This thesis handles the phonetization process of the scripts representing written Turkish and their mutual interaction with the Orthography and the Grammar during the period from Tanzimat to the Alphabet Revolution, trying to answer questions such as "How was the Turkish language reconstructed as a written variety based on speech?" "What sort of motivations lie behind the reformation or the complete change of the letters?" and "What are the linguistic implications of these changes?" In the light of these questions, the alphabet, orthography and grammar books as well as the newspaper articles published in this period were investigated as primary sources. The telos of the Turkish linguistic modernization was constructed as the impossible task of "overcoming the representation crisis" between the written and spoken varieties of the Turkish language. This process ran parallel with the replacement of the privilege of writing with the superiority of the spoken variety. In this sense, it was assumed that the change of the script was not a value-free technical amendment but one of the consequences of the interplay between the spoken and written varieties of the Turkish language.

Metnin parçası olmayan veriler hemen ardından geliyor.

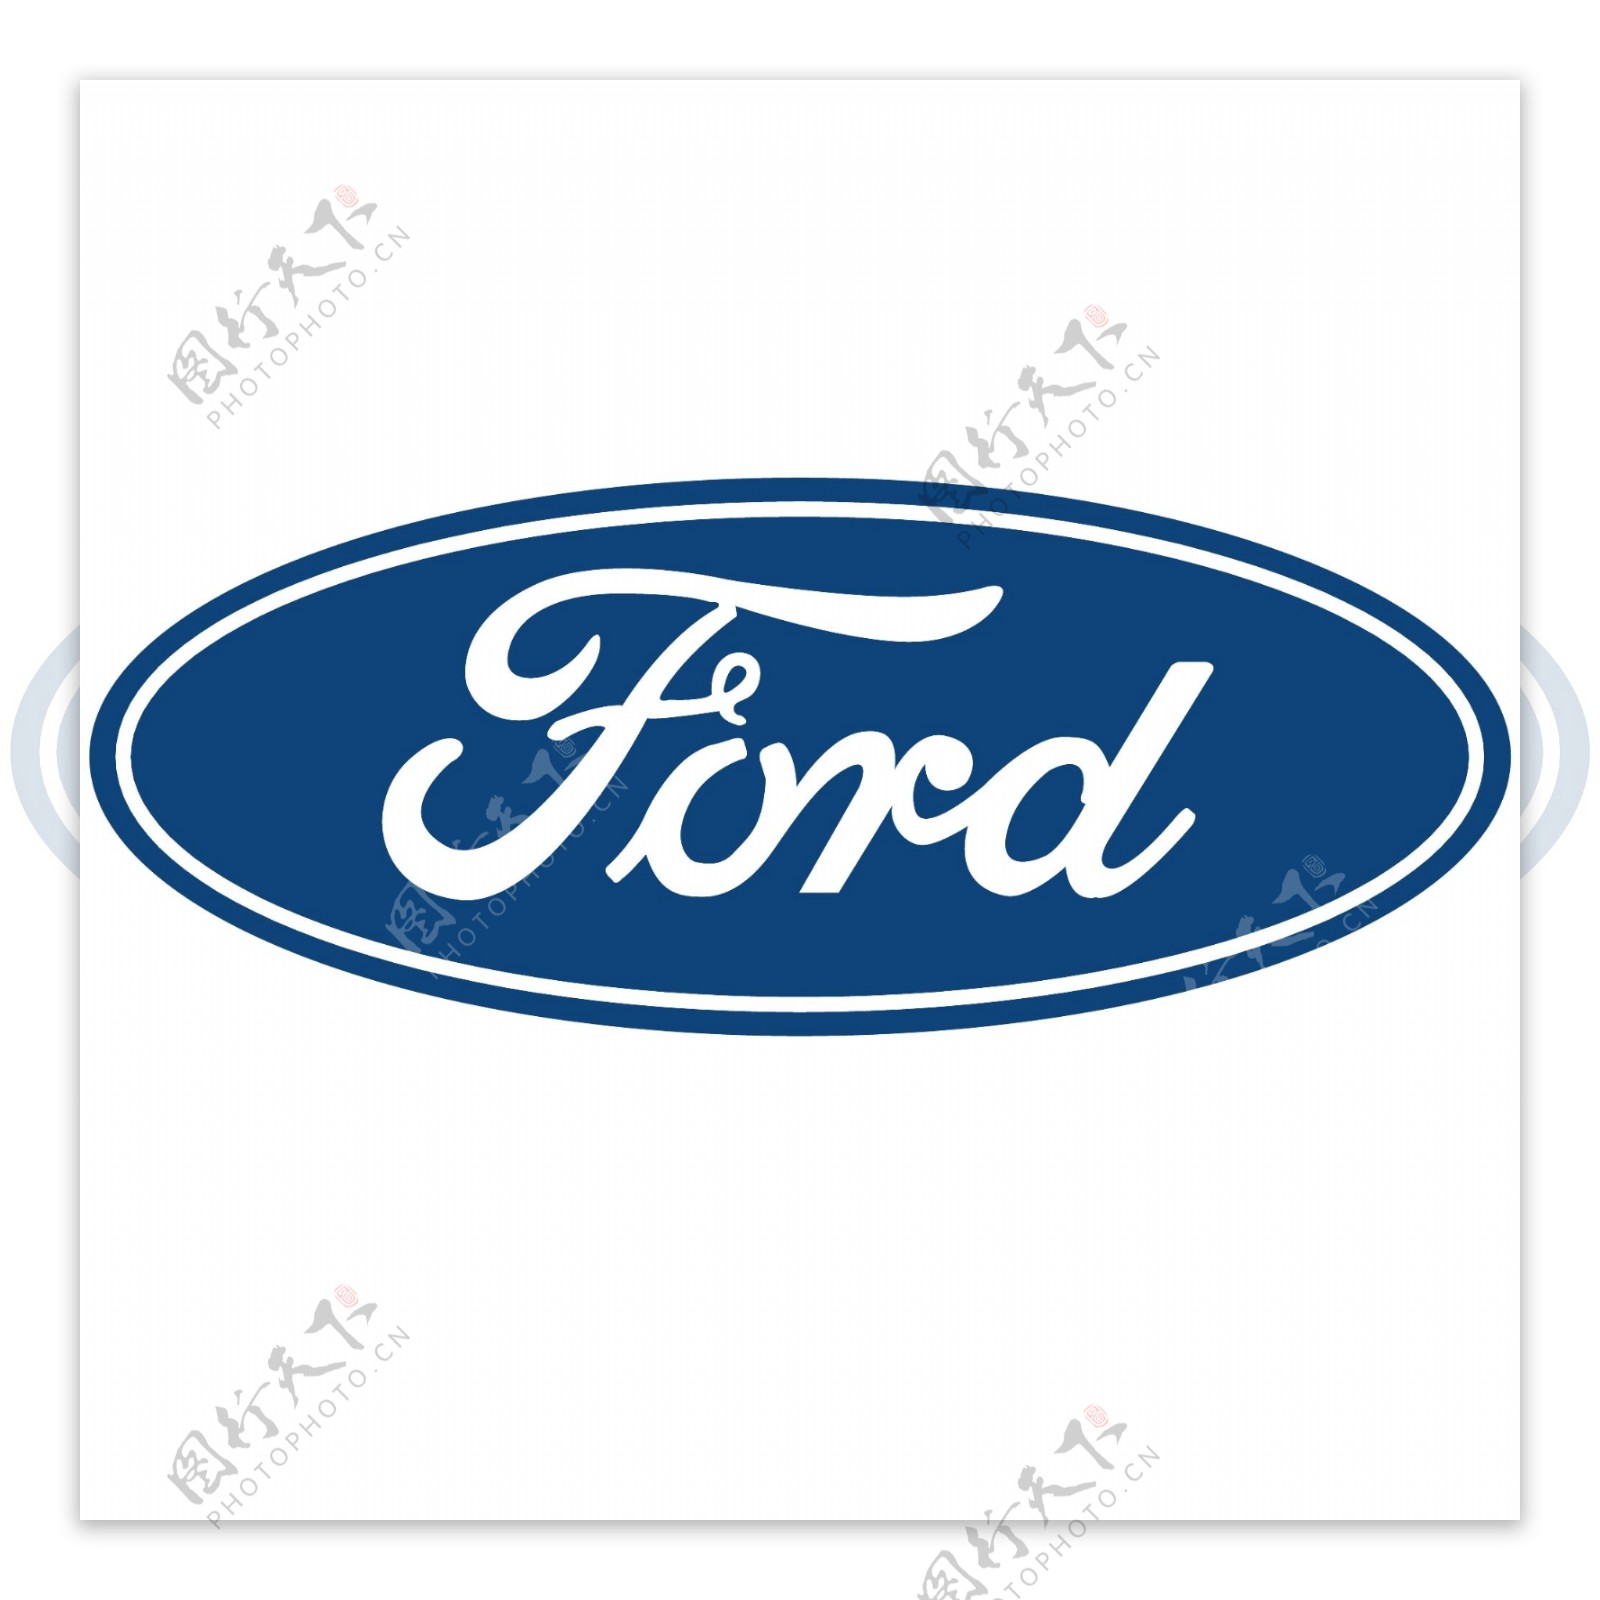 品牌设计公司带你探寻世界著名汽车品牌logo设计内涵
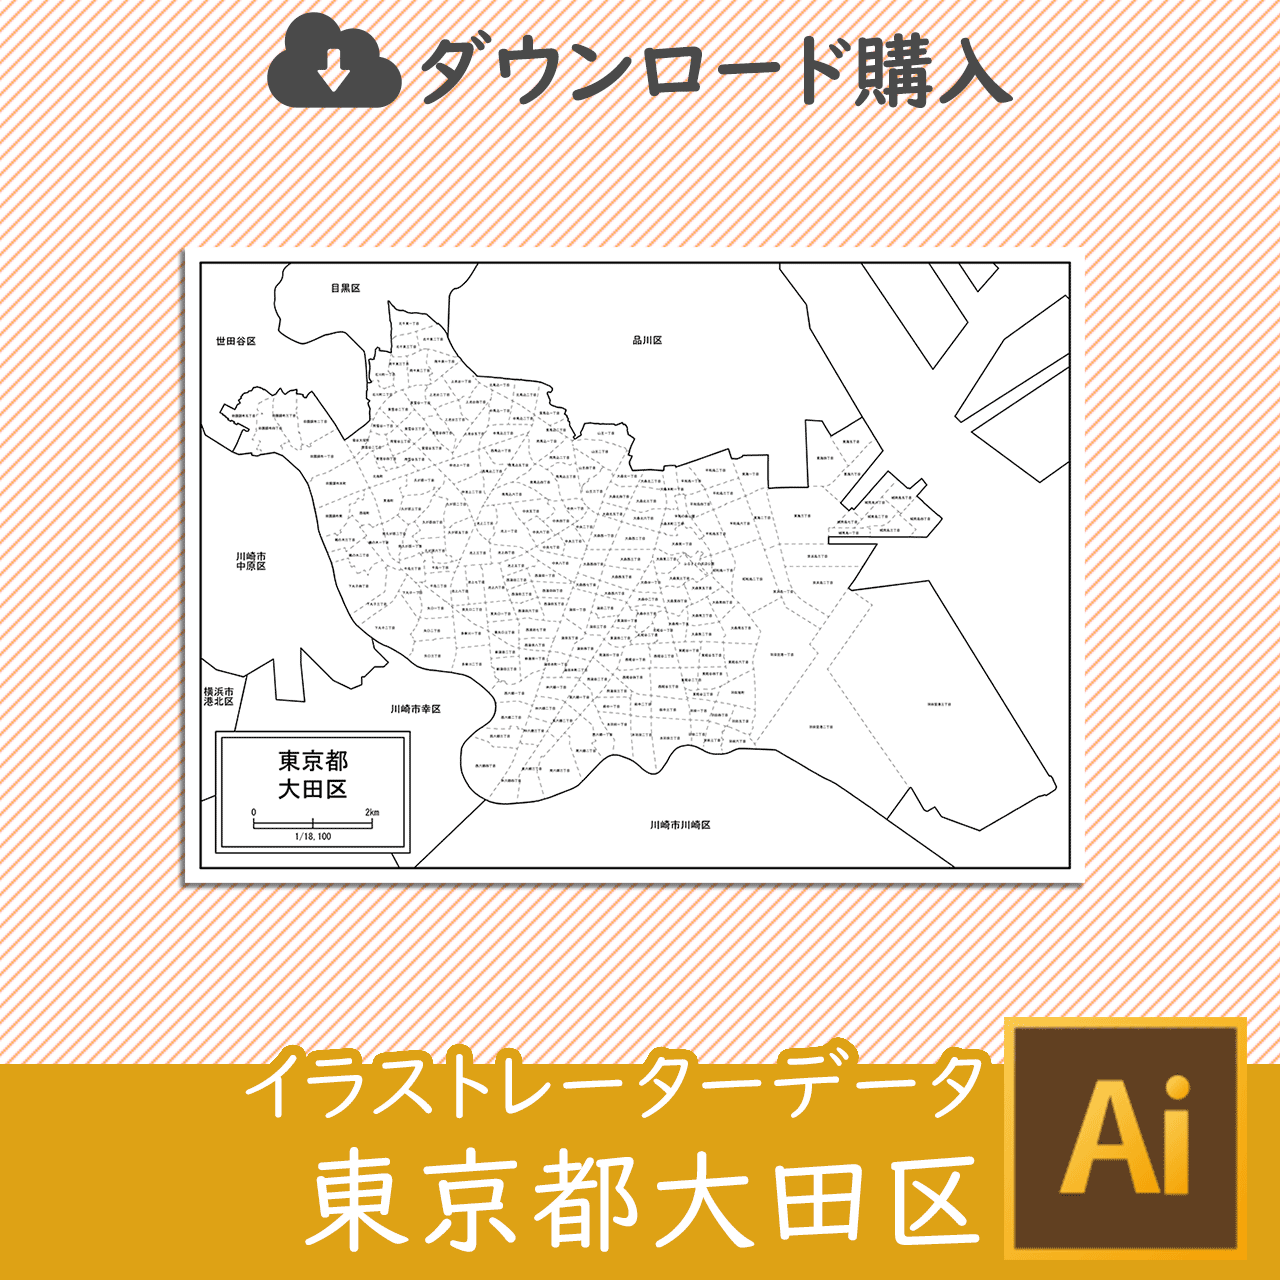 大田区の白地図のサムネイル画像

Bu tezde Tanzimat döneminden Harf İnkılabı’na uzanan süreçte Türkçenin yazıldığı
alfabelerin tedricen nasıl fonetik hale geldiğini ve bu alfabelerin imlâ ve gramerle
olan etkileşimi incelenmektedir. Bu çalışmada “Türkçe yazı dilinin konuşma dili baz
alınarak nasıl inşa edildi ve bu süreçte alfabenin rolü nedir?,” “Harflerin gerek ıslah
edilmesinde gerek tamamen değiştirilmesine hangi motivasyonlar rol
oynamaktadır?” ve “Bu değişiklikler sembolik ve yapısal düzlemde ne anlam ifade
etmektedir?” sorularına cevap aranmaktadır. Bu yüzden asıl olarak Latin harfleri
kabul edilmeden önce de mevcut harfleri fonetik hale getirme çabalarının izinin
sürülebileceği alfabe, imlâ, gramer kitapları ve bunların yanında söz konusu
dönemde bu konuların ele alındığı gazete yazıları gibi birincil kaynaklar
incelenmiştir. Geç Osmanlı döneminden itibaren yazılan ve konuşulan Türkçe
arasındaki fark bir “temsil krizi” olarak algılanmış ve bu “temsil krizini” aşmak için
yapılan bütün girişimler Türk dilinin modernleşmesinin bir safhasını oluşturmuştur.
Türkçe konuşma dilinde yazılı metinler her daim mevcut olmasına rağmen bilhassa
Tanzimat’tan itibaren yazı dilinin konuşma diline dayandırılması savunulmuş, daha
önceki yazı ve konuşma dilinden ayrı standart bir varyant oluşturulmaya çalışılmış
ve konuşma dilinin baz alındığı bir yazı dili ayrıcalıklı bir konuma gelmiştir. Bu
anlamda, gerek Arap harflerinden türetilmiş Türk “elifbası” gerek Latin harflerinin baz
alındığı Türk “alfabesi” ve bunları fonetik hale getirmek için sunulan bütün taslak ve
öneriler Türkçe yazı dili ve konuşma dili arasındaki diyalektik ilişkinin bir sonucudur.